I have the series of images but do not have an online album to post them from (which is the way I understand it to work). I don't see a way to upload them to this site so let me know how/if you would like to proceed.


----------



## 357mag1 (Oct 29, 2010)

Battery Guy said:


> That would be great, but rather than email them to me, can you post them to this thread so that others interested can see them as well?



Okay, I broke down and created an online album just for this post.

This is the drill with grind stone attached used to remove anodizing inside the tailcap to facilitate an electrical connection. Anodizing will prevent the flow of current so must be removed where the spring rests.

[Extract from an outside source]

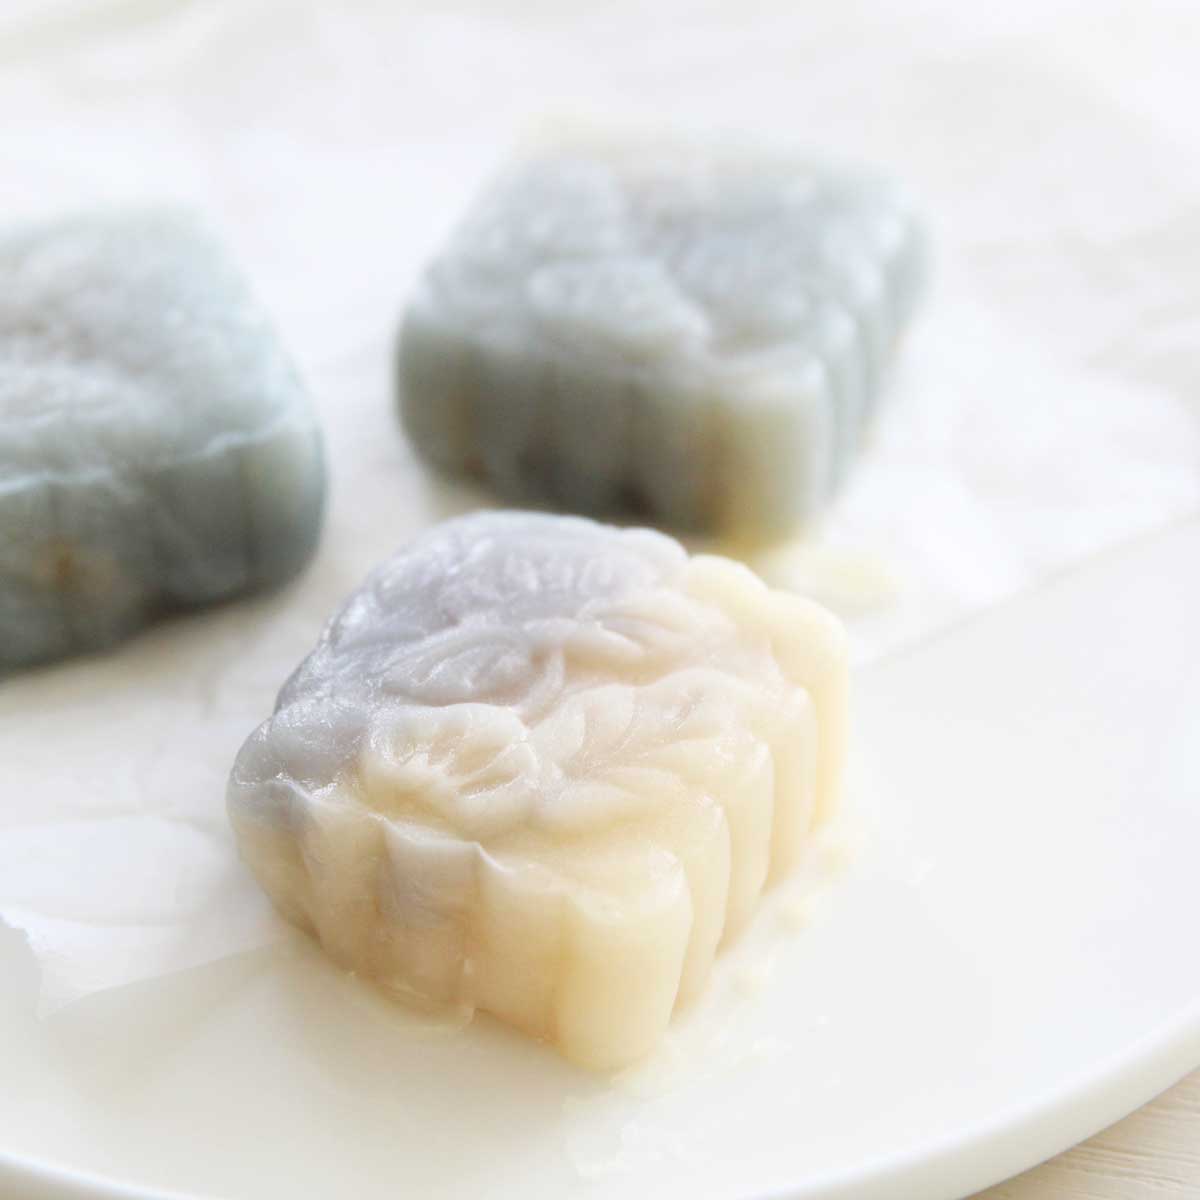 10 Minute Butterfly Pea Snowskin Mooncakes (No Steaming Required!) - Coconut Milk Snow Skin Mooncakes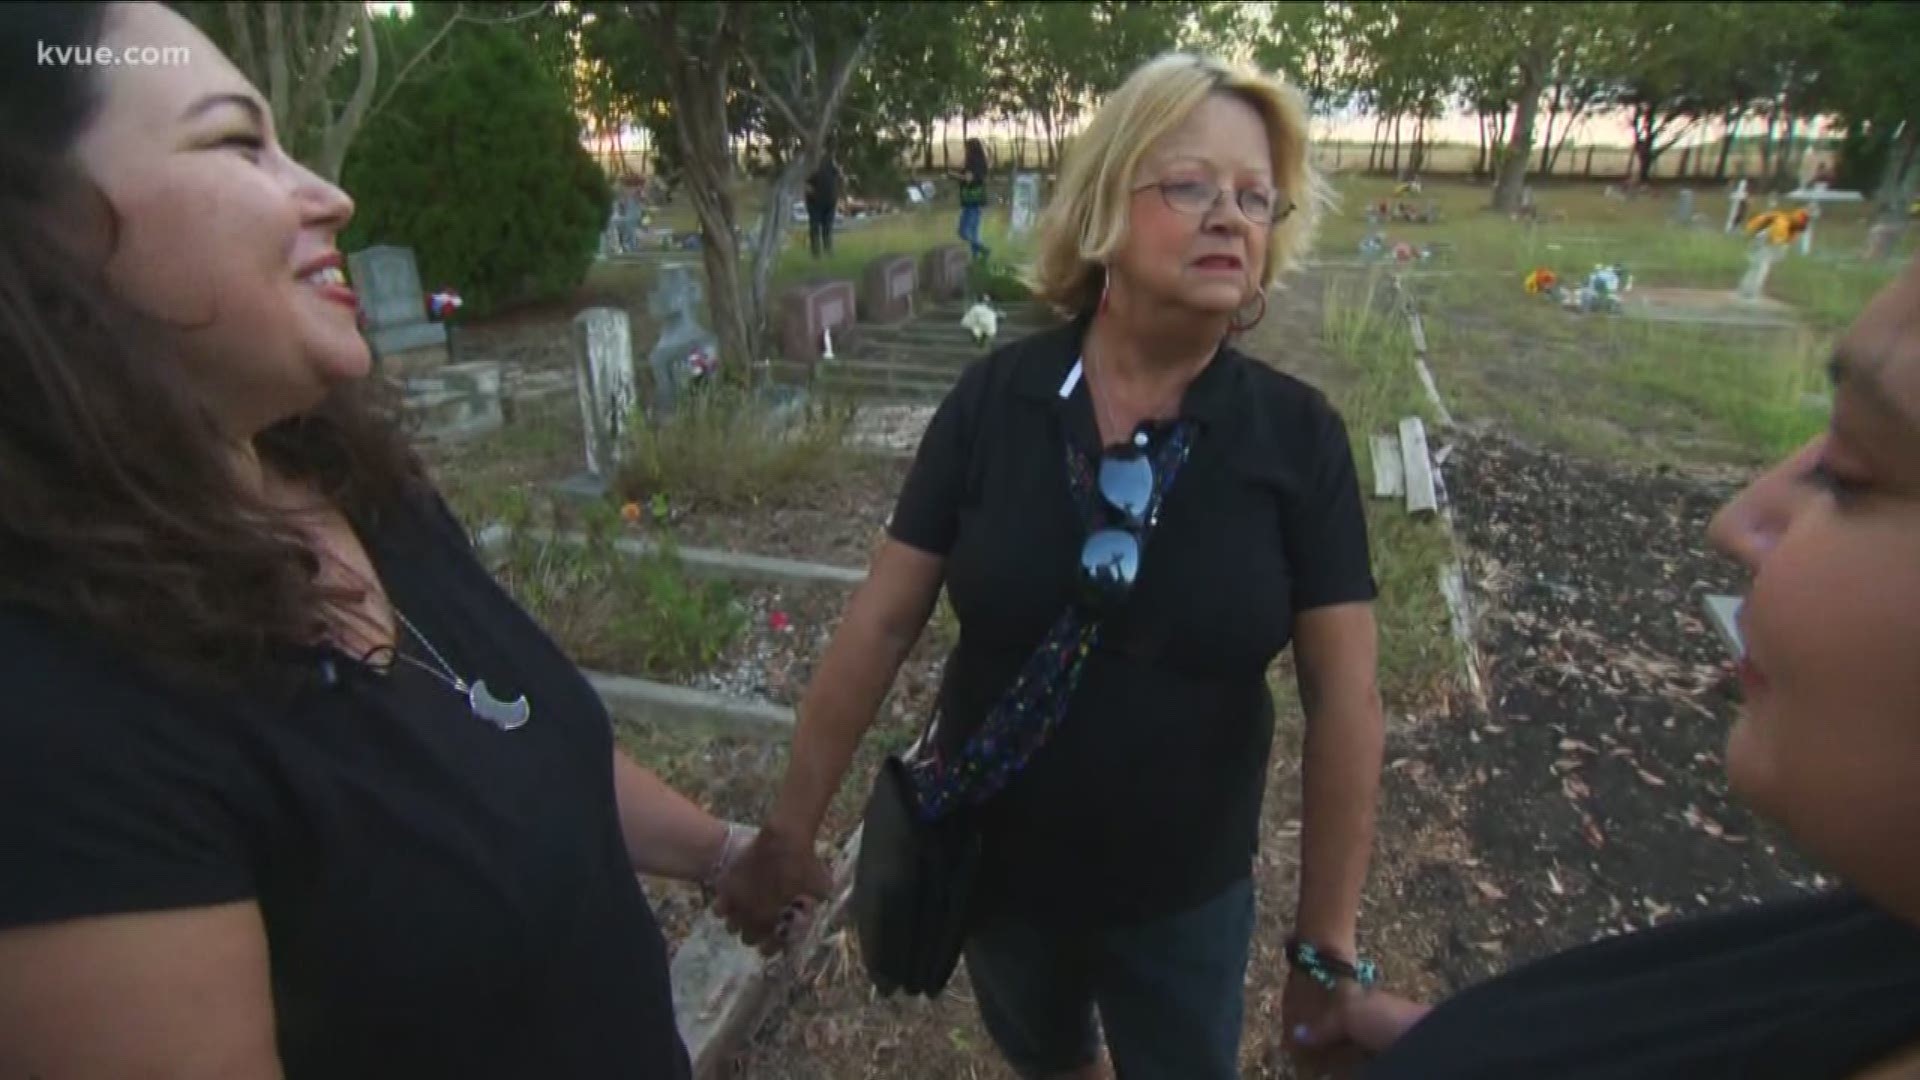 The San Marcos Area Paranormal Society heads to the graveyard to help spirits find peace.

Here is the tail cap after I've attacked it with the stone and the performed a clean up. I remove the O-ring first so it doesn't get dirty and require cleaning. Rinsing the tailcap under the facet upon completion of grinding helps remove all of the anodizing dust. I then apply lube to the tailcap threads so it doesn't bind during installation. Don't forget to reinstall the O-ring.







Next comes the cutoff tool mounted on the dremel. Wear your safety glasses boys and girls. Metal pieces in the eye are ugly.







A picture of the spring and where we want to cut it off.







Cut off portion of the spring.







Picture of a couple of springs after being bent using two sets of pliers. The right spring has a gouge where I slipped off and that shows you about where to grip it with one set of pliers the other set goes out close to the very end. A set of locking vise grips would be ideal but there has to be room for you to twist the one near the end of the spring. You want twist the end of the spring in a circular motion to make the spring smaller in diameter at the base allowing it to enter the tailcap.

Some of these I can push in with finger pressure and some I use a screw driver to help seat the spring into the cap. It isn't an exact science and a little fiddling will make it work. If your spring tilts too much to one side after being installed in the tailcap just pull it out and bend the bottom portion of the spring to help it set straighter.







And the final shot with the spring seated in the tailcap and ready for installation.







Hope the shots are useful and informative.


----------